About Us
Our Historic Building
Town Hall’s historic building was originally the Fourth Church of Christ, Scientist, constructed in two stages from 1916 through 1922. It was built at the peak of the Christian Science movement, when the church could afford generous spaces and fine finishes. The congregation was the sole and continuous occupant of the building until it was sold to Town Hall in 1998.
Architect George Foote Dunham of Portland designed the space, employing the distinctive Roman Revival style (popular among many Christian Science churches at the time) that lends Town Hall its characteristic high front portico with six two-story pillars and the high arched ceiling of the Great Hall. Dunham also designed one other building in Seattle—the Christian Science Church on Northeast 17th on Fraternity Row in the University District.
Like most Christian Science Churches, this one is built to resemble a public building, with no religious symbolism inside or out. The building sports a unique central dome complete with a decorative oculus to match the large art-glass windows in the Great Hall. These windows have been restored by Seattle Stained Glass as part of the building’s renovation—along with the four terra cotta clad exterior walls that give the building its characteristic gleam.
Town Hall has several remarkable features inside as well.

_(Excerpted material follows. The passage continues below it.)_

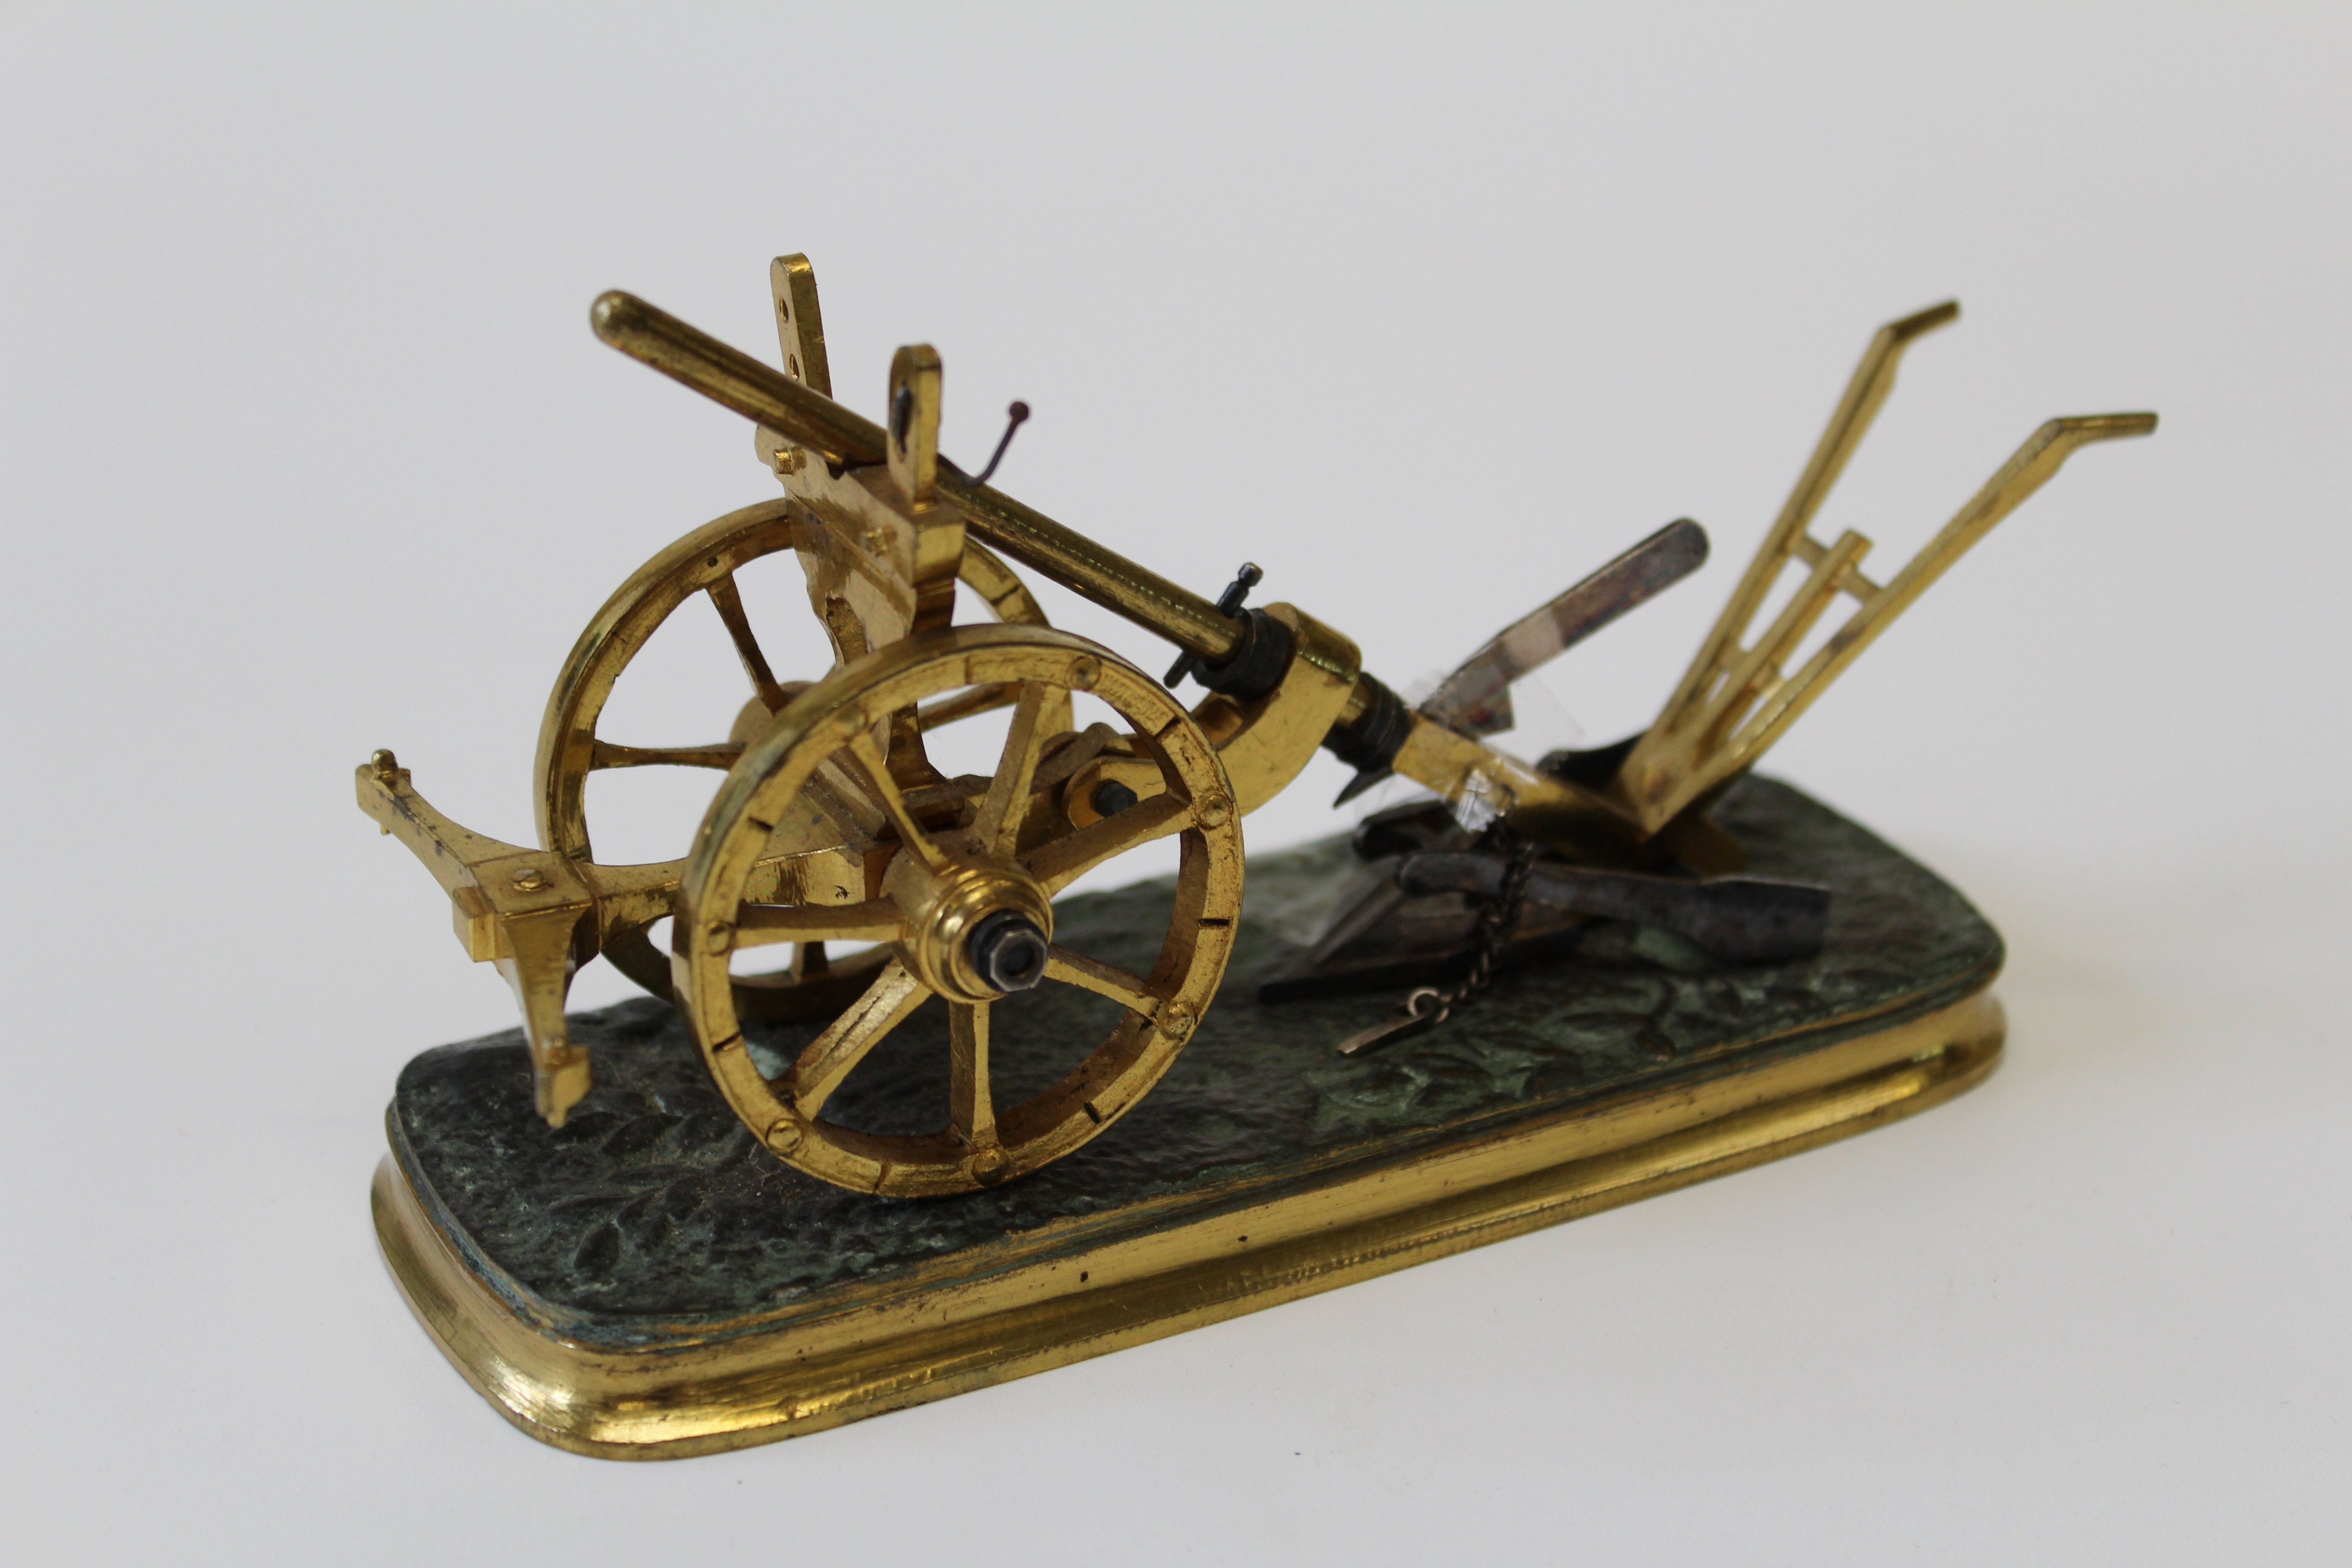 A 20th century miniature gilt metal model of a vintage plough, 15cm long

The small interior stage on the downstairs floor (the original rostrum for the earliest services) has been transformed as part of our renovation. The space is now the Forum, a fully modular 300-seat performance space. The lobby level features restored art-glass Tiffany-style lighting fixtures, as well as a decorative balcony and elaborate window treatments with pilasters. Curved wooden pews with fitted backs grace the Great Hall, formerly the sanctuary. The vaulted ceiling and the central dome, together with the thick masonry walls and the dispersion of sound from all the ornamentation, produce warm, full acoustics rarely created today in a building of this design.